The setup_prep[quantity] hook on the active site provides the channel
role mapping required by PreProcessSignals (reference channels,
acceleration channels, displacement channels, and the channel-to-DOF
dictionary). This hook is the only piece of site knowledge that leaks into
the modal analysis; everything else is generic.
Stage 4 — Concurrent write safety (MultiLock)#
Both create_stats and create_modal_results support parallel execution
across num_workers processes. Each worker writes to a private
<name>.<pid>.nc file during the long computation phase, then merges into
the shared master file at the end of a chunk:
# Condensed from monitoring.save_ds
with MultiLock(savepath):
if reload_current:
current_ds = xr.open_dataset(savepath)
current_ds.load(); current_ds.close()
dupes, _, _ = np.intersect1d(new_ds.time, current_ds.time, ...)
current_ds = current_ds.drop_sel(time=dupes)
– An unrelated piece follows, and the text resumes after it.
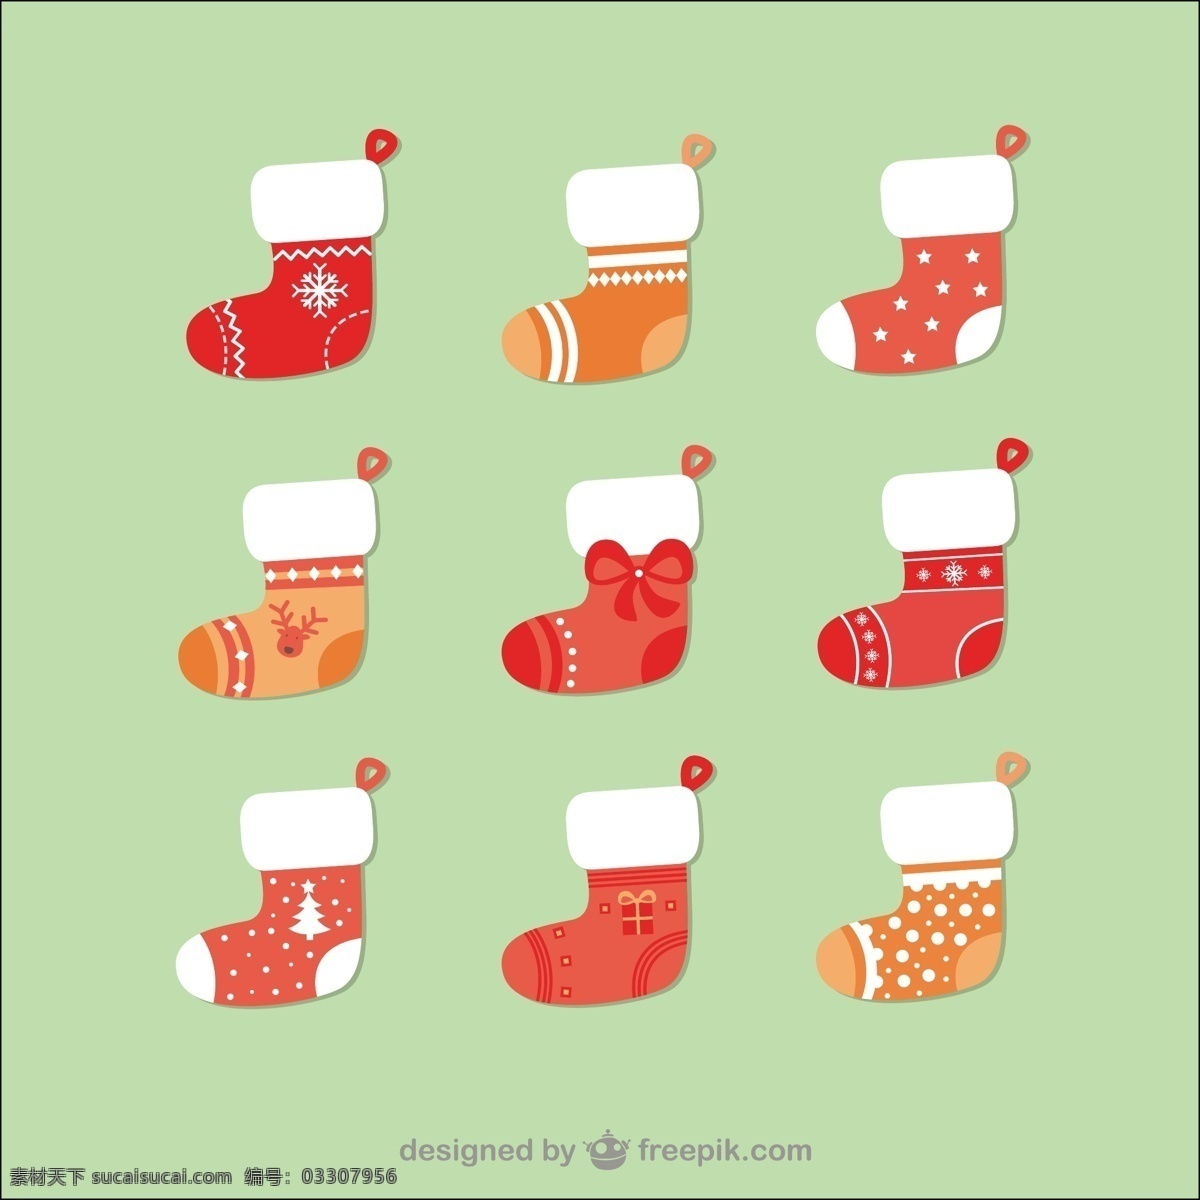 圣诞节 袜子 包 装饰 包装 圣诞礼物 圣诞装饰 圣诞节装饰 圣诞装饰品 圣诞袜 圣诞树 黄色
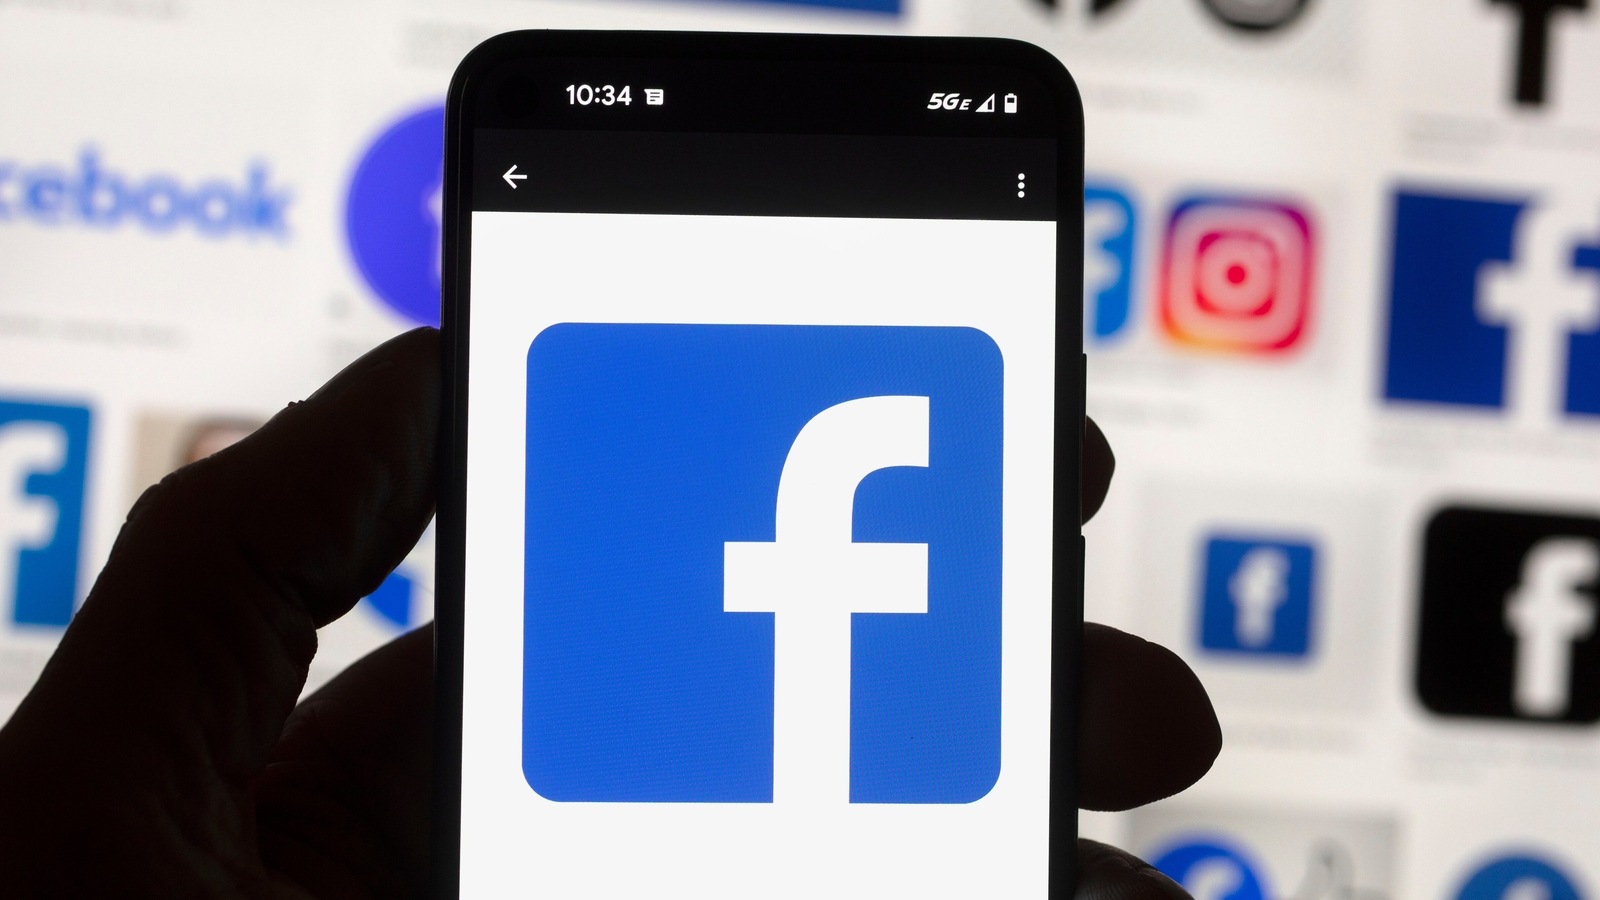 Avatar bergaya bitmoji Facebook kini hadir di WhatsApp

current_ds = current_ds.combine_first(new_ds)
current_ds.to_netcdf(tempfile)
os.rename(tempfile, savepath) # atomic on POSIX filesystems
MultiLock layers a per-process .pid.lock file on top of
simpleflock to handle a race condition where simpleflock can briefly
grant the lock to two processes simultaneously.
The cron wrapper (daily2.sh)#
In production, daily2.sh is called once per day by cron. It iterates
over quantities and durations, passing the --dtstart flag derived from the
most recently arrived file to each subsequent duration run:
TMPDIR=/dev/shm/tower_tmp
mkdir ${TMPDIR}
# 120-minute file ingestion sets DTSTART for shorter-duration runs
python daily.py -d 120 -q accel --file_info --stats --modal \
--tmp_dir=${TMPDIR} > ${TMPDIR}/tower_out.txt
if test -f "${TMPDIR}/dtstart.tmp"; then
DTSTART=$(cat ${TMPDIR}/dtstart.tmp)
python daily.py -d 60 -q accel --stats --modal \
--dtstart=${DTSTART} >> ${TMPDIR}/tower_out.txt
python daily.py -d 30 -q accel --stats --modal \
--dtstart=${DTSTART} >> ${TMPDIR}/tower_out.txt
python daily.py -d 10 -q accel --stats --modal --plot \
--dtstart=${DTSTART} >> ${TMPDIR}/tower_out.txt
fi
# results and plots are emailed to the monitoring team
cat ${TMPDIR}/tower_out.txt | mail -s "..." \
-a ${TMPDIR}/modal_accel_10.png your@email.de
The --file_info flag at 120 minutes writes the earliest new-file
timestamp to dtstart.tmp. All subsequent shorter-duration runs use that
timestamp so they process exactly the same new data range, rather than
re-scanning the full history.
Quantities without modal analysis (wind, temp) run through the same
loop structure but omit the --modal flag.